Notes & Asides
National Review, March 24, 2003
-- Dear Mr. Buckley: For quite a while during 2002 you had a discussion going on as to how to have the various diacritics print out properly on a computer. Instead of having to use particular computer codes for everything, there is a very simple way to access the characters built in to every True-Type font. It's called the U.S.-International keyboard.
For Windows, one opens the control panel and clicks on the keyboard icon. Click on the Language tab. Click on the Language Properties tab, which should display the Keyboard Layout list. Chose U.S.-International. Click on OK to close the Language Properties box. Click on OK to close the Keyboard Layout box. You might have to insert your Windows CD-ROM; the required program might already be loaded.
Then you get all sorts of extra things accessible by using the right Alt key: every diacritical mark used in Western Europe, the euro symbol, the copyright symbol, etc. No need to figure out codes.
Alas, it doesn't work for Hungarian, but you can add the Hungarian keyboard from the same program (Russian, Serbian, Polish, etc.) and work all the languages of Eastern Europe too. True-Type has all that sort of stuff built in. Ad astra per aspera!
Robert W. Hutton (a subscriber since the 1950s) Alexandria, Va.
--Dear Mr. Hutton: On behalf of everybody, I thank you. Cordially, WFB
-- Dear Mr. Buckley: Many years ago, when you first asked for a solution to the interruption caused by the Shift key, I abstained from answering because I thought you would be flooded with proposals. This time, since you repeat the request, I cannot resist the temptation.
Around 1987-89, for $25 (cheap ones, Canadian), I fixed my Atari computer so as to activate the Shift command and two others without having to push the keys with my fingers. A friend gave me a foot pedal, used for band recordings. The pedal was connected to the back of the computer and had three positions. The middle-main one activated Shift. Pushing it left you got Control, pushing right you got Alt. This way the motion-flow of my fingers was not interrupted by the necessity of using double-combination keys on the keyboard.

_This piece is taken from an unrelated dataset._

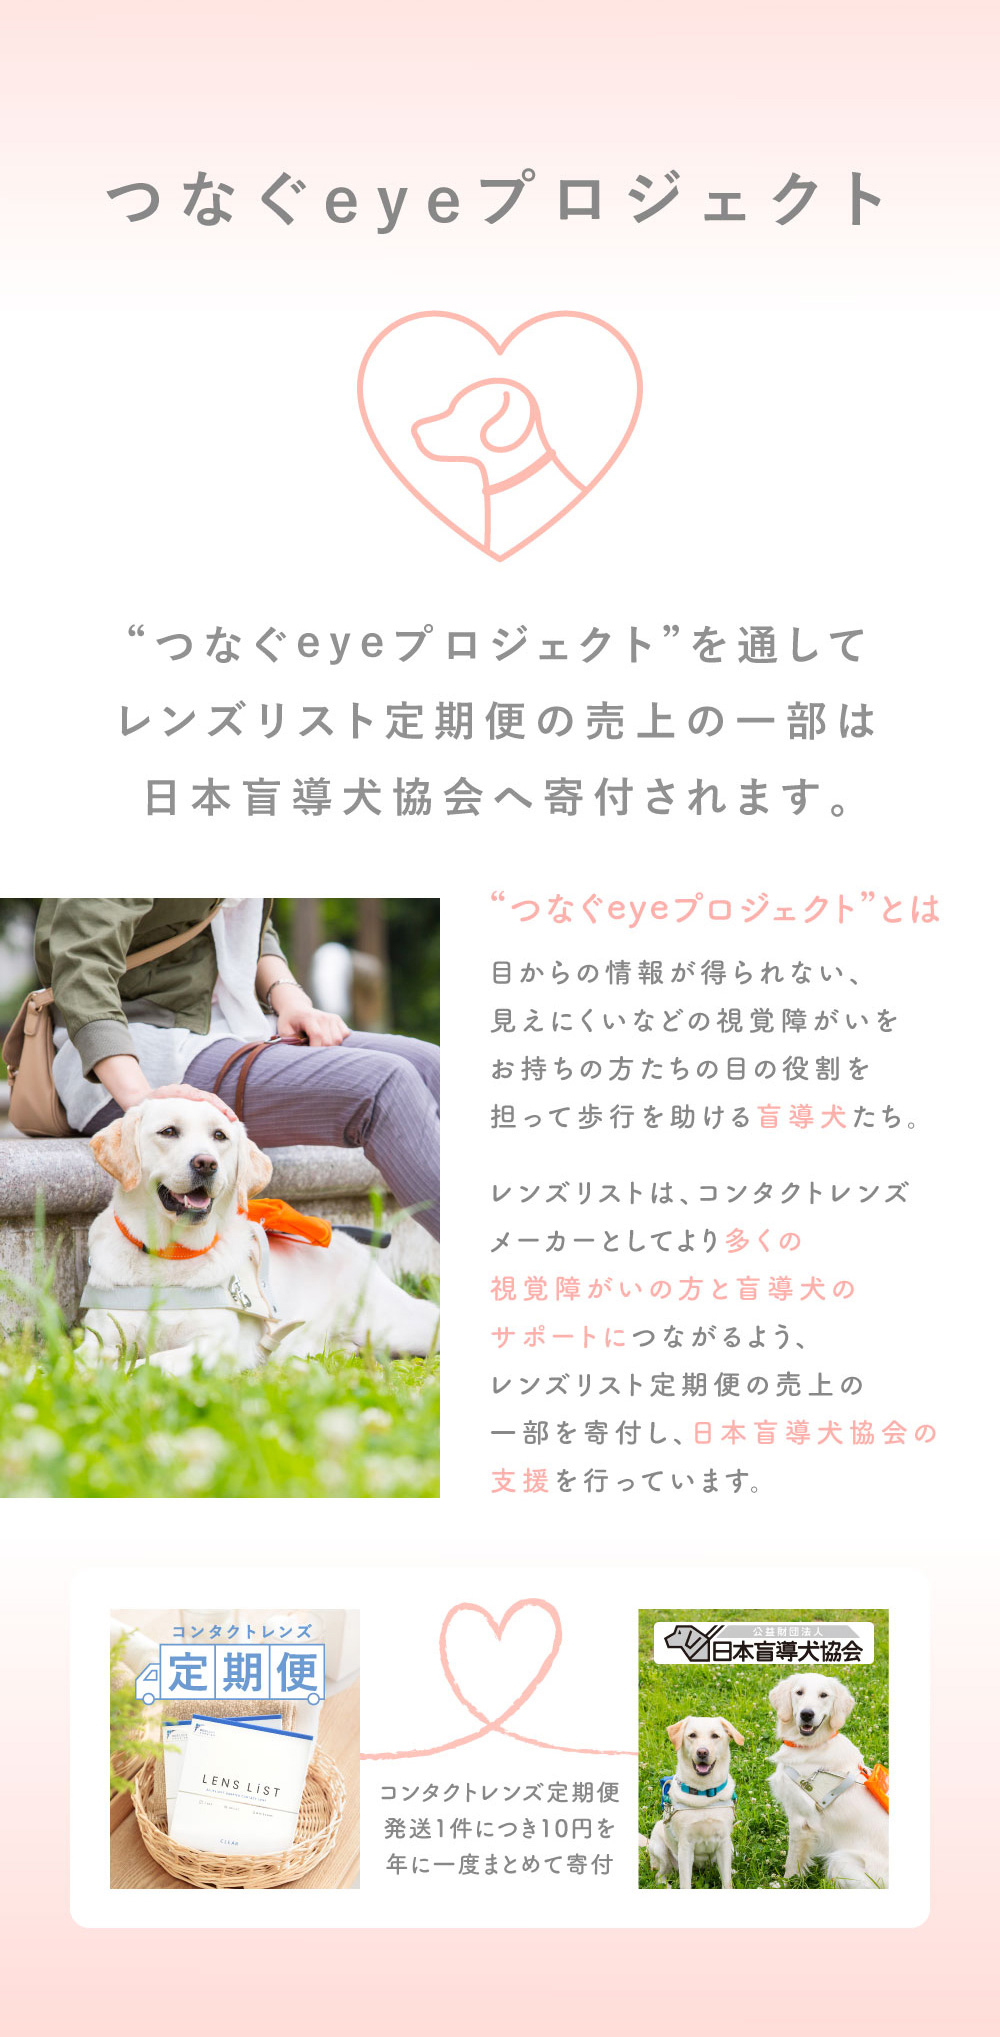 つなぐeyeプロジェクト “つなぐeyeプロジェクト”を通してレンズリスト定期便の売上の一部は 日本盲導犬協会へ寄付されます。コンタクトレンズ定期便発送1件につき10円を 年に一度まとめて寄付

If you are interested, I could dig out the pedal from the garage, and even the old computer.
Finally, as a Romanian, I got an extra kick. In Romanian slang, to write with your feet means to write badly. I hope I turned this saying upside- down. A gentleman named Kevin Lynch even approved one of my articles, which was about Harriman, for publication in NR, but it was later rejected.
Best from an admirer (not fan; fans are noisy),
Sergiu Farcasan (born 1924) Saskatoon, Canada
--Dear Mr. Farcasan: No, no, that is Rube Goldberg, having also to use your feet. My feet, when I type, are often parked on a chair. But thanks anyway. I have another problem which maybe you would tackle. My keyboards' space keys are woefully insensitive. It is fairer to say, I suppose, that my thumb doesn't come down hard enough. But the result is that Iamalwayshavingto correct in order to insert a space. Question: Is there a way to sensitize that space bar? Or to raise its level? Advise.
Cordially, WFB
-- Dear Mr. Buckley: Having been in mourning since reading the final Florence King column, my spirits were raised when I read her letter (Dec. 9) stating she is moving to Seattle.
I may have a chance to see her! I remember your saying you had never seen her, so what are my chances? How will I recognize her, since the only photo I have is from a 1989 book jacket?
Carol Thixton Seattle, Wash.
--Dear Ms. Thixton: When Miss King arrives in Seattle, we will arrange for a dirigible overhead. She promises to supply coordinates.